Taking Florida into the Future with Telemedicine
The following article, written by Kristina G. Maranges, was published by the Florida Bar Health Law Section Winter 2017 Newsletter.
On October 31, 2017, the Telehealth Advisory Council issued its recommendations to Florida Governor, Rick Scott, and the Florida Legislature on how to increase the use and accessibility of services provided via telehealth. The report comes on the heels of a state and national shortage of healthcare practitioners to serve our country’s growing and aging population. Echoing HHS’s designation of telehealth as a means or method of delivering healthcare, not a type of healthcare service, and noting Florida regulations include multiple definitions of “telemedicine” but no definition of “telehealth” and these terms are commonly used interchangeably, the Council recommended a definition of “telehealth” to replace all existing definitions. “Telehealth is defined as the mode of providing health care and public health services through synchronous and asynchronous information and communication technology by a Florida licensed health care practitioner, within the scope of his or her practice, who is located at a site other than the site where a recipient (patient or licensed health care practitioner) is located.”
Recognizing the lack of adequate insurance coverage and reimbursement for healthcare services as barriers to the delivery and growth of telehealth services, the Council next recommended the Florida legislature require both coverage and reimbursement parity, excluding Medicare plans.
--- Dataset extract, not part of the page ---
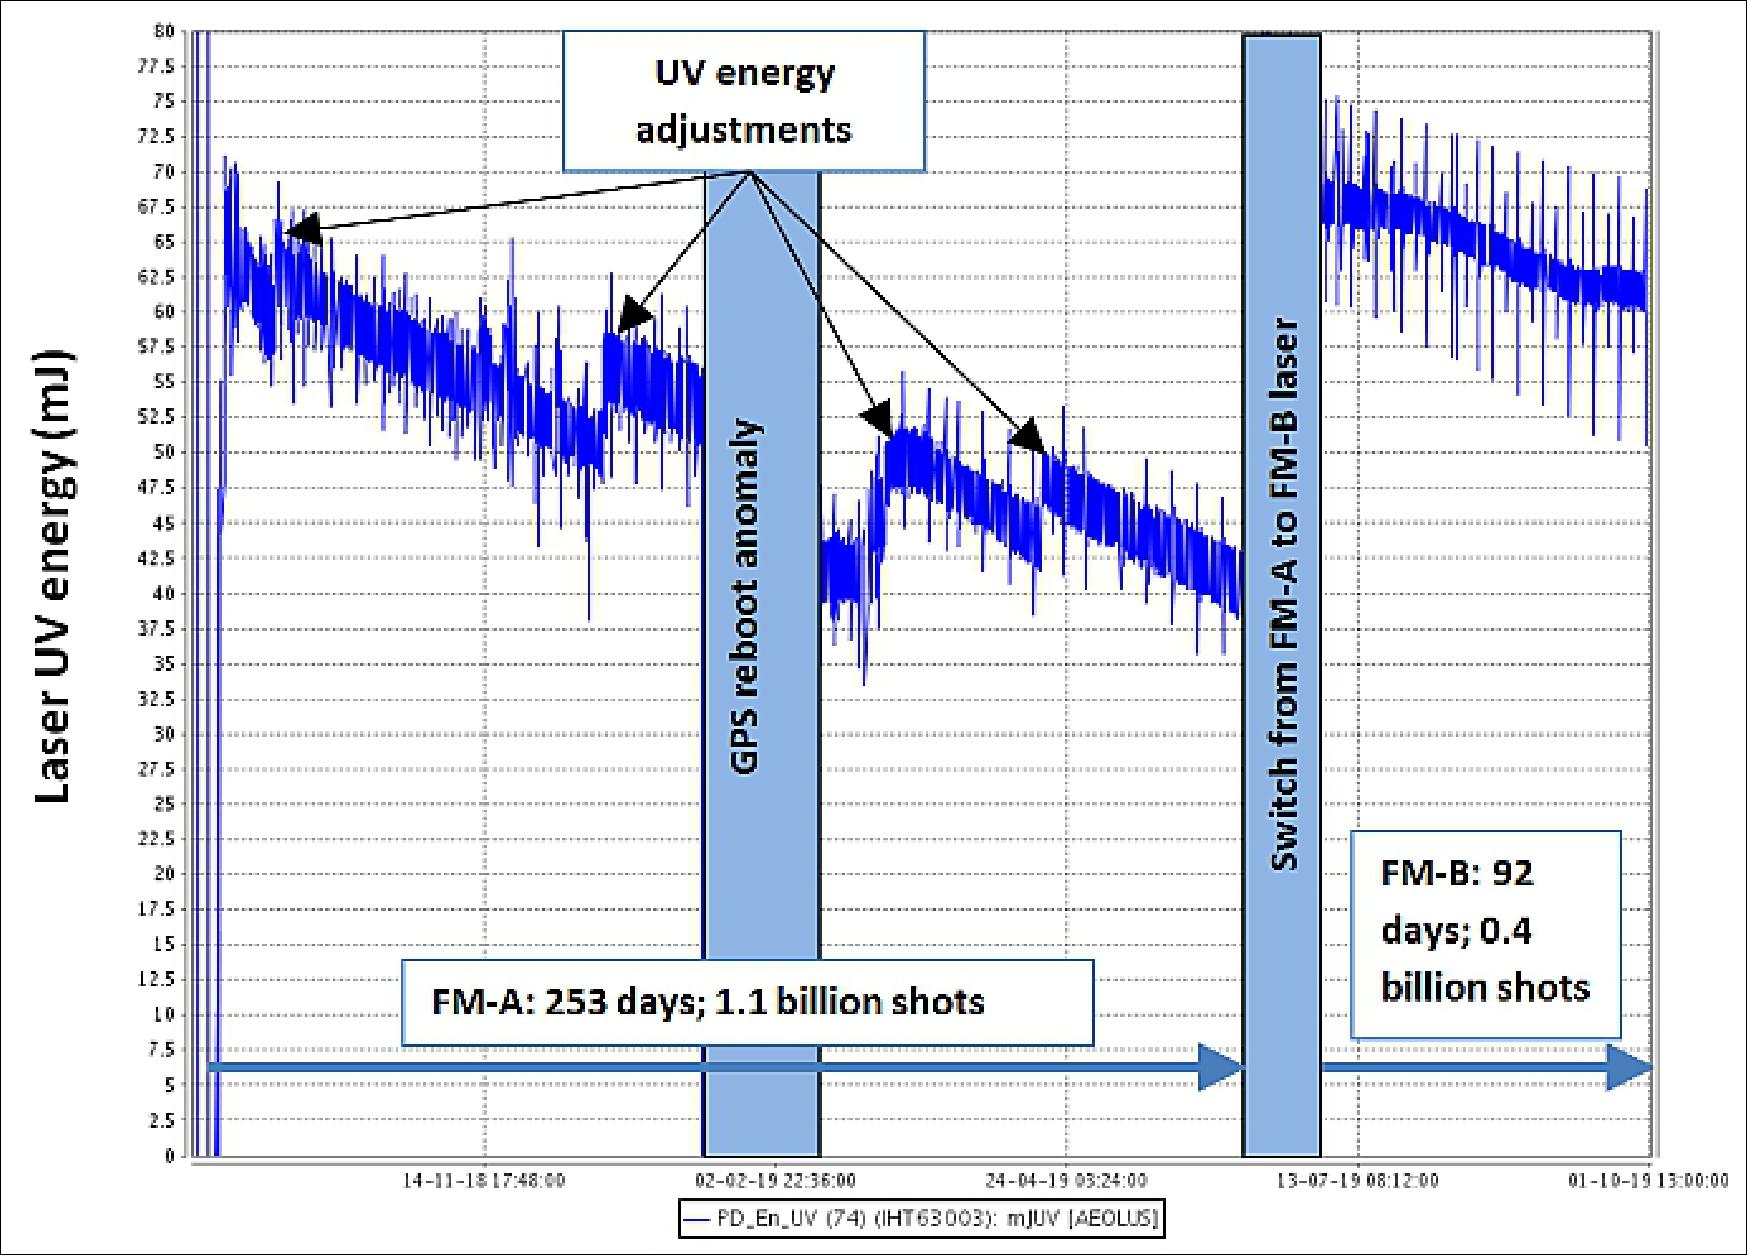 Figure 30: Laser transmitter UV energy over the first year of the Aeolus mission (image credit: ESA)

Specifically, insurance policies must provide coverage for health care services delivered via telehealth if coverage is available for the same service provided in-person without the imposition of any additional conditions for coverage of services by the insurer,, and payment rates must be the equivalent to rates for comparable in-person services. Regarding Medicaid, the Council recommended the Agency (1) modify its telehealth fee-for-service rule to include coverage of store-and-forward (transmission of recorded health history like X-rays and photos through a secure electronic communications system to a practitioner who uses the information to evaluate the case or render a service outside of a real-time or live interaction) and remote patient monitoring (personal health and medical data collection from an individual in one location via electronic communications technologies, which is transmitted to a provider in a different location for use in care and related support) modalities; and (2) develop a model that would allow Medicaid Managed Care plans to utilize telehealth in order to meet network adequacy.